Kompostierbar, biologisch abbaubar, recycelbar: drei Aussagen
Biologisch abbaubar sagt, dass sich ein Material irgendwann zersetzt, nennt aber weder Frist noch Bedingung — technisch sind die meisten Kunststoffe abbaubar. Kompostierbar heißt: Umwandlung zu Kompost in definierter Zeit, unter definierten Bedingungen, ohne toxischen Rückstand, messbar gegen eine Norm. Recycelbar heißt: wieder zu Rohstoff werden.
Die drei nebeneinander
Warum 'biologisch abbaubar' nichts aussagt
Der Begriff enthält keine Zeitgrenze. Ein Material, das sich über fünfhundert Jahre zersetzt, ist technisch abbaubar. Genau deshalb wird seine isolierte Verwendung in der EU zunehmend eingeschränkt: ohne Bindung an eine messbare Norm liest sich die Aussage als Greenwashing.

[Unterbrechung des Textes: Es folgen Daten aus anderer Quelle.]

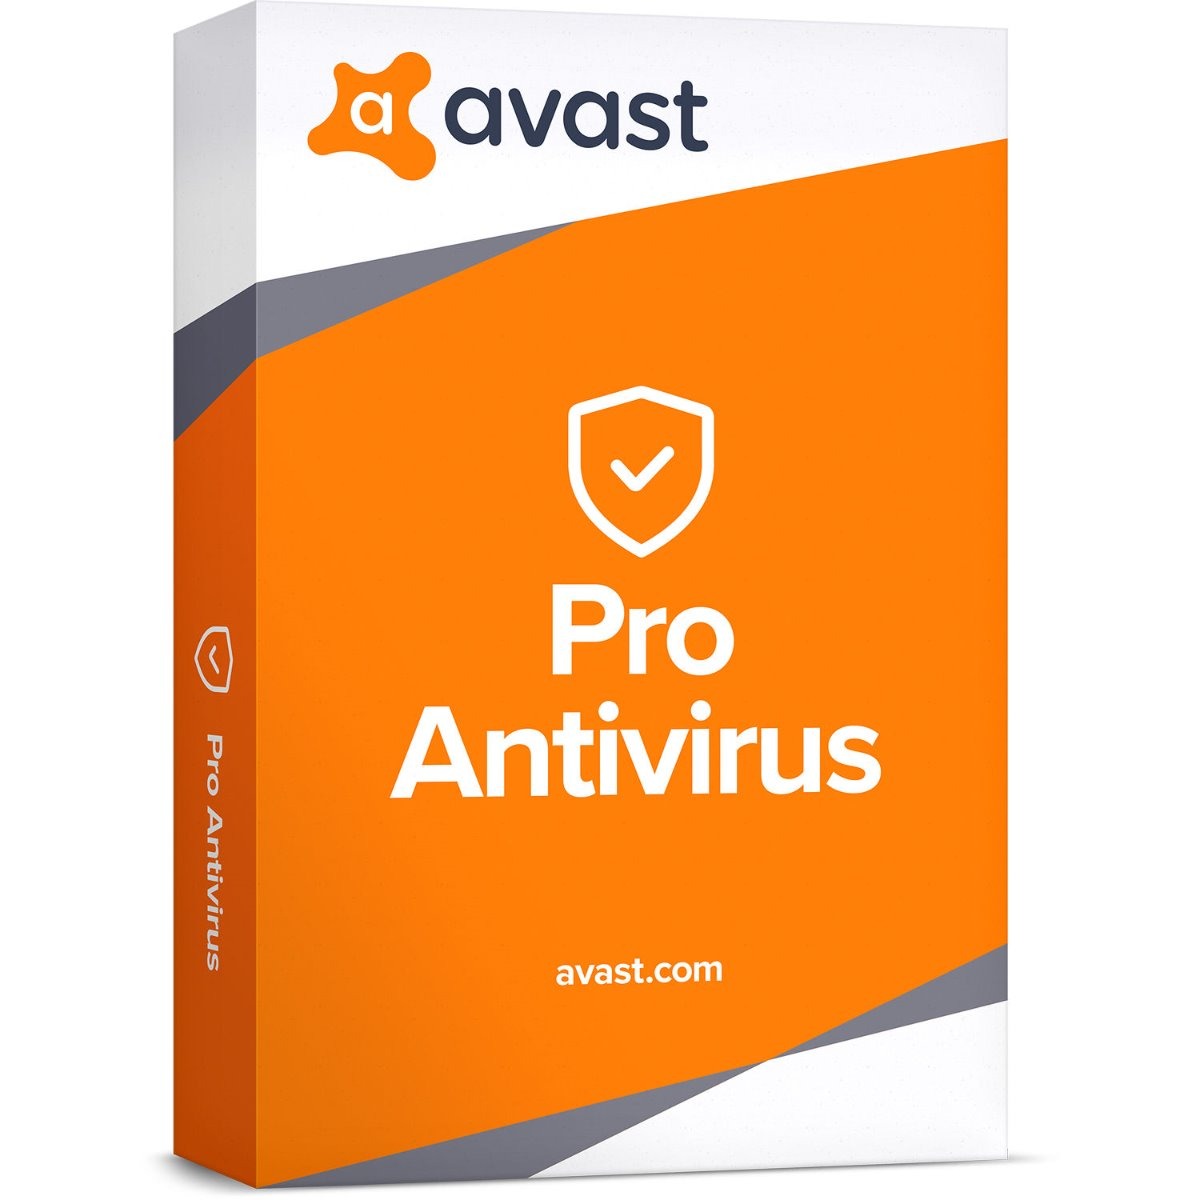 antivirus software download for java mobile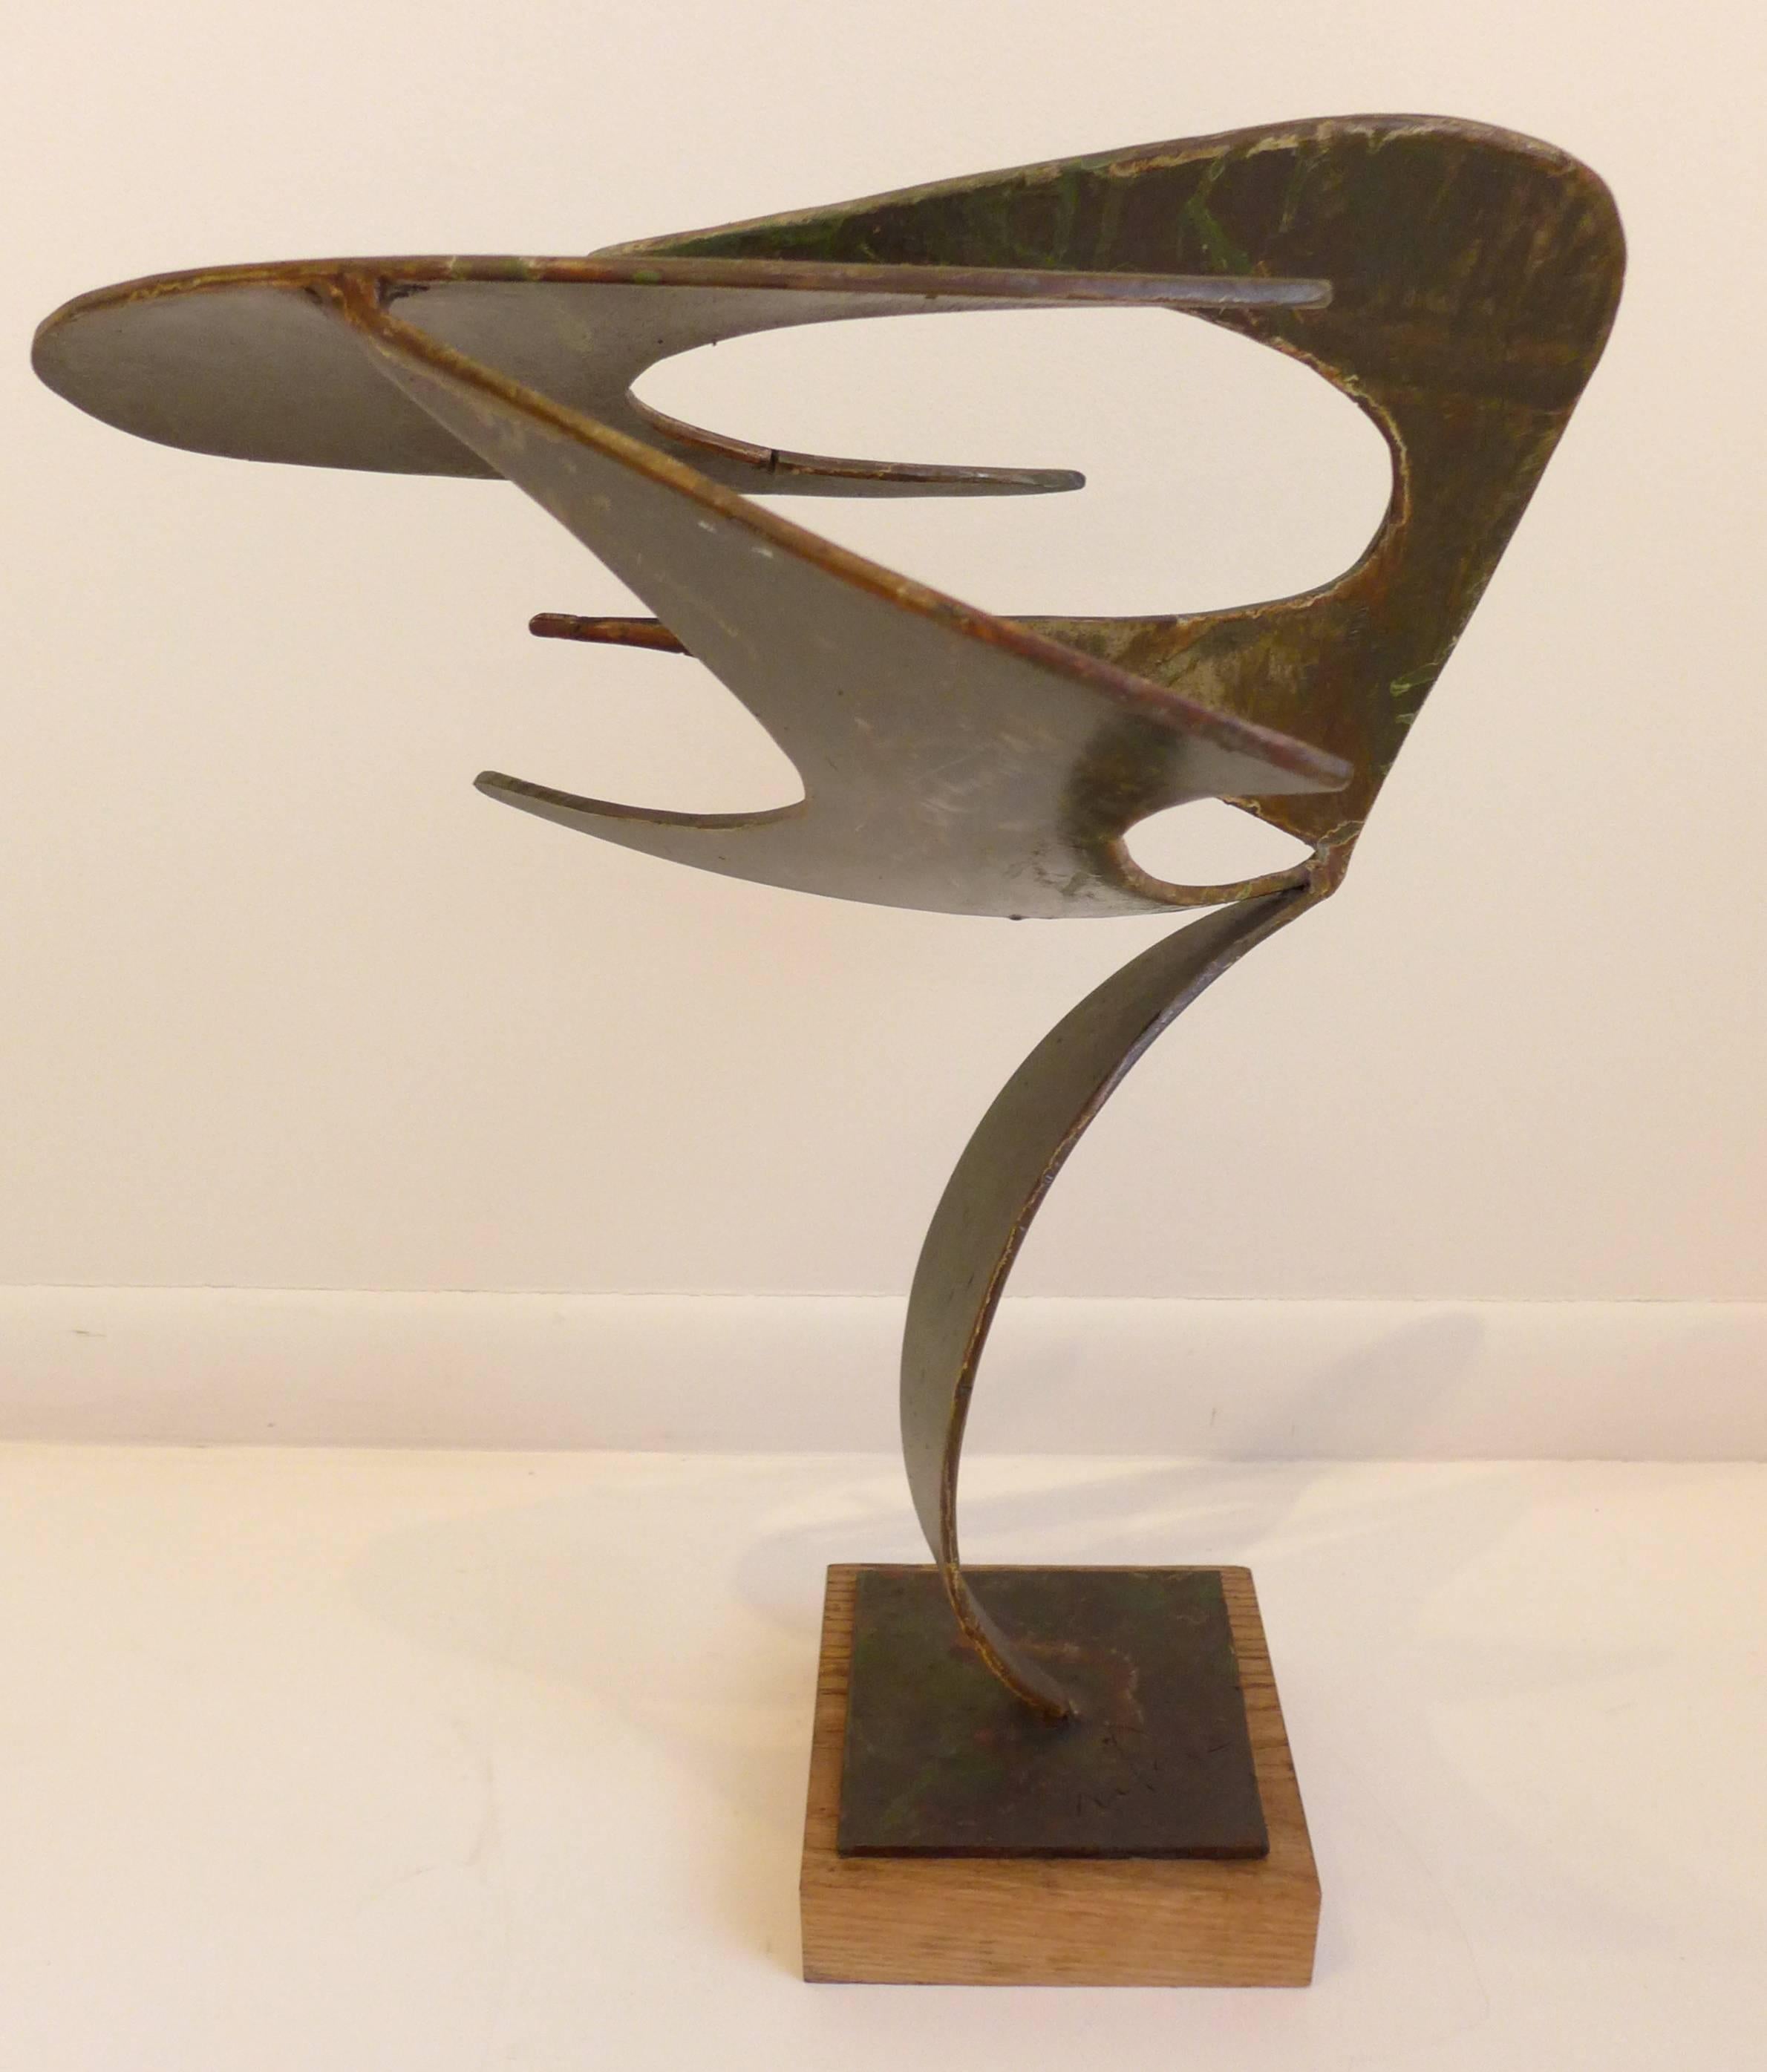 Voids series sculpture, titled

Was Kompostierbarkeit voraussetzt
Die meisten Zertifikate setzen eine industrielle Anlage voraus: rund 58 Grad, kontrollierte Feuchte, regelmäßige Belüftung. Fehlt diese Anlage vor Ort, landet das Produkt auf der Deponie und der Vorteil entfällt. Die Aussage beschreibt also Produkt und Infrastruktur zusammen.
Warum Recycling ein eigener Strom ist
Ein kompostierbarer Artikel im Papierrecycling kann die Ballenqualität senken. Beide können nicht in dieselbe Tonne, und ein Wechsel zu kompostierbaren Produkten ohne getrennte Sammlung bringt nicht das, wofür er gemacht wurde.
Unregulierte Begriffe
'Öko', 'grün', 'umweltfreundlich' und 'naturnah' sind rechtlich nicht definiert. Ein technisches Datenblatt, das sich auf diese Wörter stützt, ersetzt in einer Beschaffungsakte kein Zertifikat.
Häufige Fragen
- Was war oxo-abbaubar?
- Kunststoffe mit einem Additiv, das den Zerfall beschleunigt. Die EU-Einwegkunststoffrichtlinie hat sie verboten: das Material zerfällt, wird aber zu Mikroplastik statt zu Biomasse.
- Kann ein Produkt beides sein?
- Technisch ja, praktisch kann Abfall nur in einen Strom. Die Aussage trägt nur in der Richtung, in der Ihr Betrieb tatsächlich sammelt.